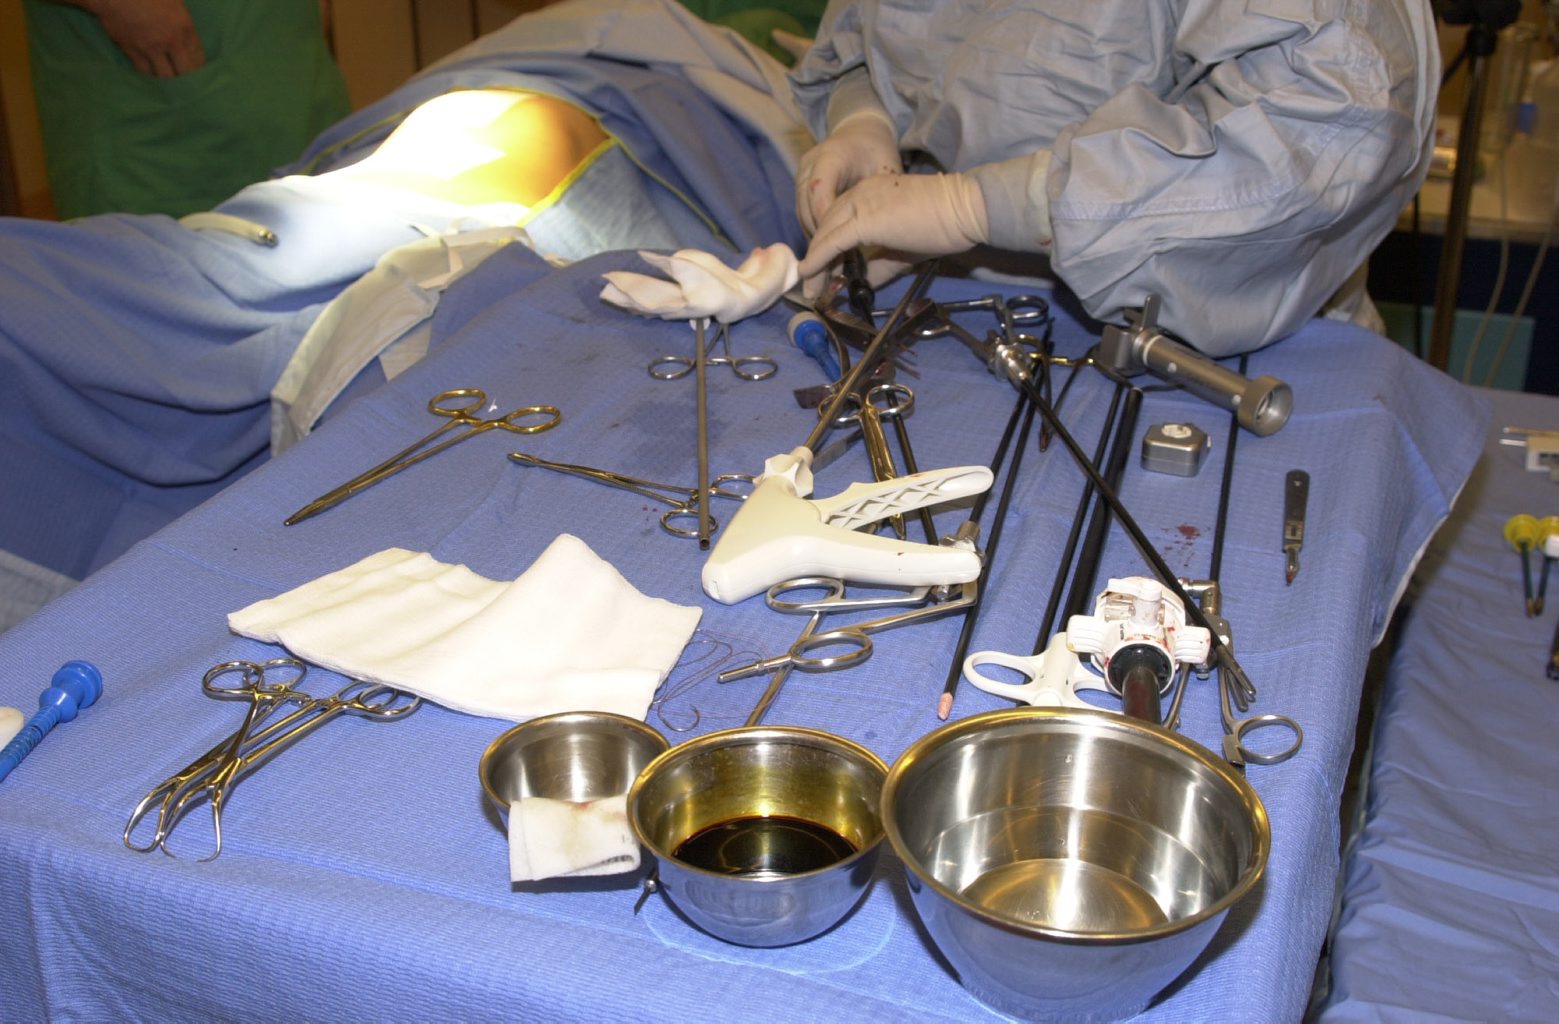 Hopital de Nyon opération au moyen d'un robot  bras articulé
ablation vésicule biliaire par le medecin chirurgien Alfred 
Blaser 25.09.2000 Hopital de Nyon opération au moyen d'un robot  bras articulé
- - - -
**EXERCISE AIM:** Repeat, exactly and in full, all the material above except its pictures.

**RESULT OF THIS EXERCISE:**
 Hopital de Nyon opération au moyen d'un robot  bras articulé
ablation vésicule biliaire par le medecin chirurgien Alfred 
Blaser 25.09.2000 Hopital de Nyon opération au moyen d'un robot  bras articulé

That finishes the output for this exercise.